Indexes are created on certain columns in a database table. When creating an index, you should consider which columns can be indexed and which columns cannot be indexed. Generally speaking, indexes should be created on these columns: on columns that are frequently searched to speed up searches; on columns that serve as primary keys to enforce the uniqueness of the column and organize the data structure in the table; on columns that are frequently used in joins, which are mainly foreign keys, to speed up joins; create indexes on columns that are frequently searched based on ranges, because the index is already sorted and the specified range is continuous; create indexes on columns that are frequently sorted, because the index is already sorted, so queries can take advantage of the index sorting to speed up sorting query time; create indexes on columns that are frequently used in WHERE clauses to speed up condition determination.

Likewise, there are some columns for which indexes should not be created. Generally speaking, columns that should not be indexed have the following characteristics:

First, you should not create indexes on columns that are rarely used or referenced in queries. This is because, since these columns are rarely used, indexing them or not will not improve query speed. On the contrary, the addition of indexes reduces the system maintenance speed and increases the space requirements.
Second, you should not add indexes to columns that have very few data values. This is because these columns have very few values, such as the gender column of the personnel table. In the query result, the data rows in the result set account for a large proportion of the data rows in the table, that is, the proportion of data rows that need to be searched in the table is very large. Adding indexes does not significantly speed up retrieval.
Third, indexes should not be added to columns defined as text, image, and bit data types. This is because the data volume of these columns is either quite large or has very few values.
Fourth, when the modification performance is much greater than the retrieval performance, you should not create an index. This is because modification performance and retrieval performance are contradictory to each other. When adding indexes, retrieval performance will be improved, but modification performance will be reduced. When you reduce the number of indexes, modification performance improves and retrieval performance decreases.
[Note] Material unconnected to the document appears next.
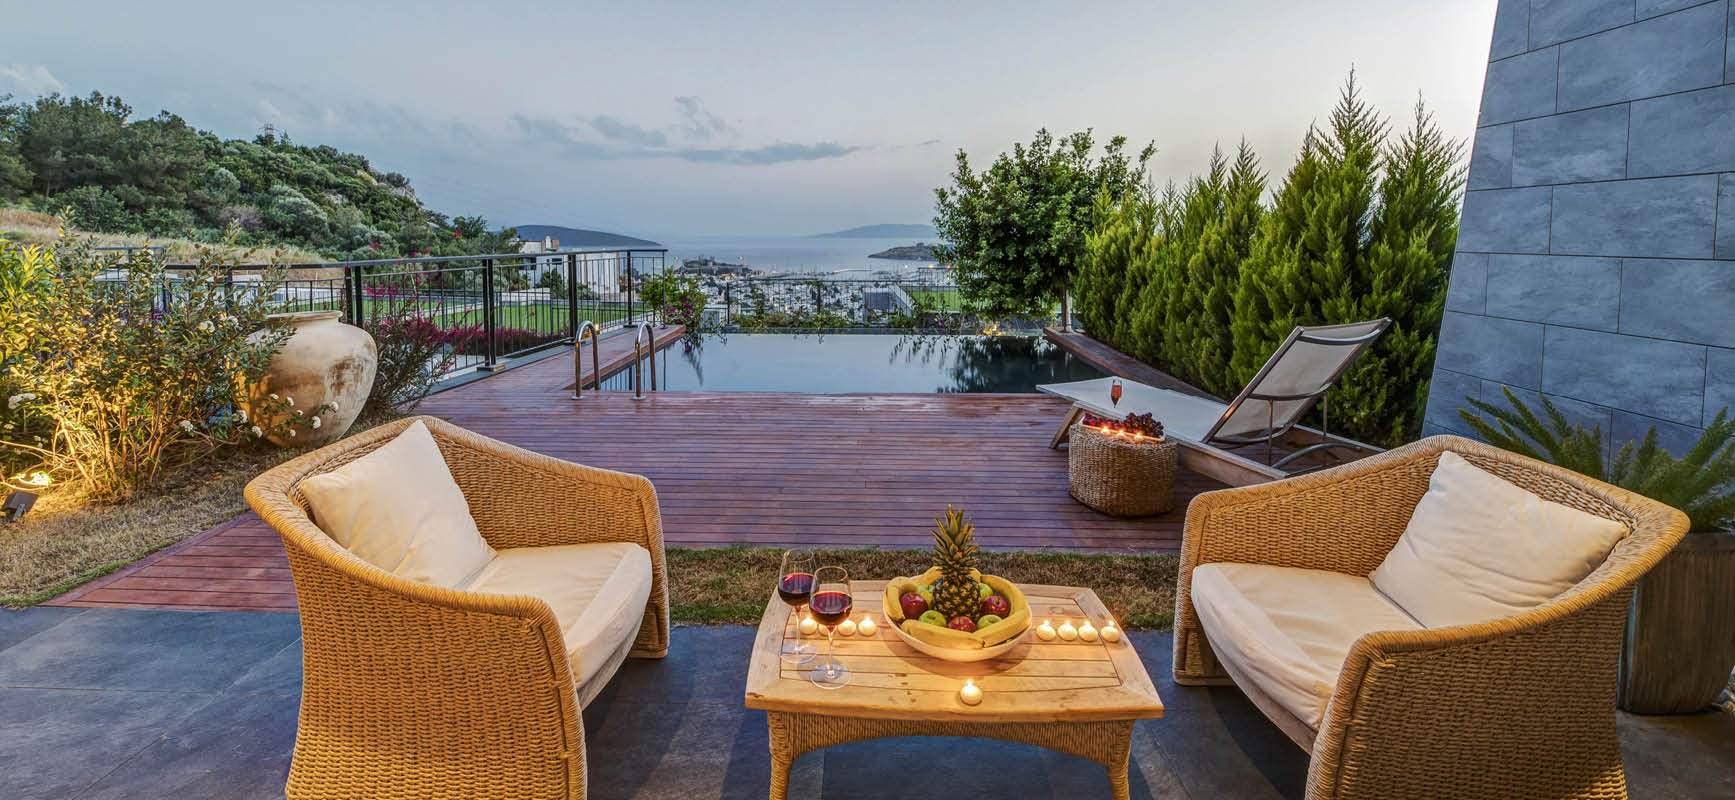 Bodrum Satılık Deniz Manzaralı Lüks Villa-Müstakil Bahçe-Özel Tasarım

Therefore, when modification performance is much greater than retrieval performance, indexes should not be created.

Depending on the capabilities of the database, three types of indexes can be created in the database designer: unique index, primary key index, and clustered index.

Unique Index

A unique index is one that does not allow any two rows in it to have the same index value.
Most databases do not allow a newly created unique index to be saved with a table when there are duplicate key values ​​in the existing data. The database might also prevent the addition of new data that would create duplicate key values ​​in the table. For example, if a unique index is created on the last name (lname) of an employee in the employee table, no two employees can have the same last name. Primary Key Index A database table often has a column or combination of columns whose value uniquely identifies each row in the table. This column is called the primary key of the table. Defining a primary key for a table in a database diagram will automatically create a primary key index, which is a specific type of unique index. This index requires that each value in the primary key be unique. It also allows fast access to data when the primary key index is used in queries. Clustered Index In a clustered index, the physical order of the rows in the table is the same as the logical (index) order of the key values. A table can contain only one clustered index.
If an index is not a clustered index, the physical order of the rows in the table does not match the logical order of the key values. Clustered indexes generally provide faster access to data than nonclustered indexes.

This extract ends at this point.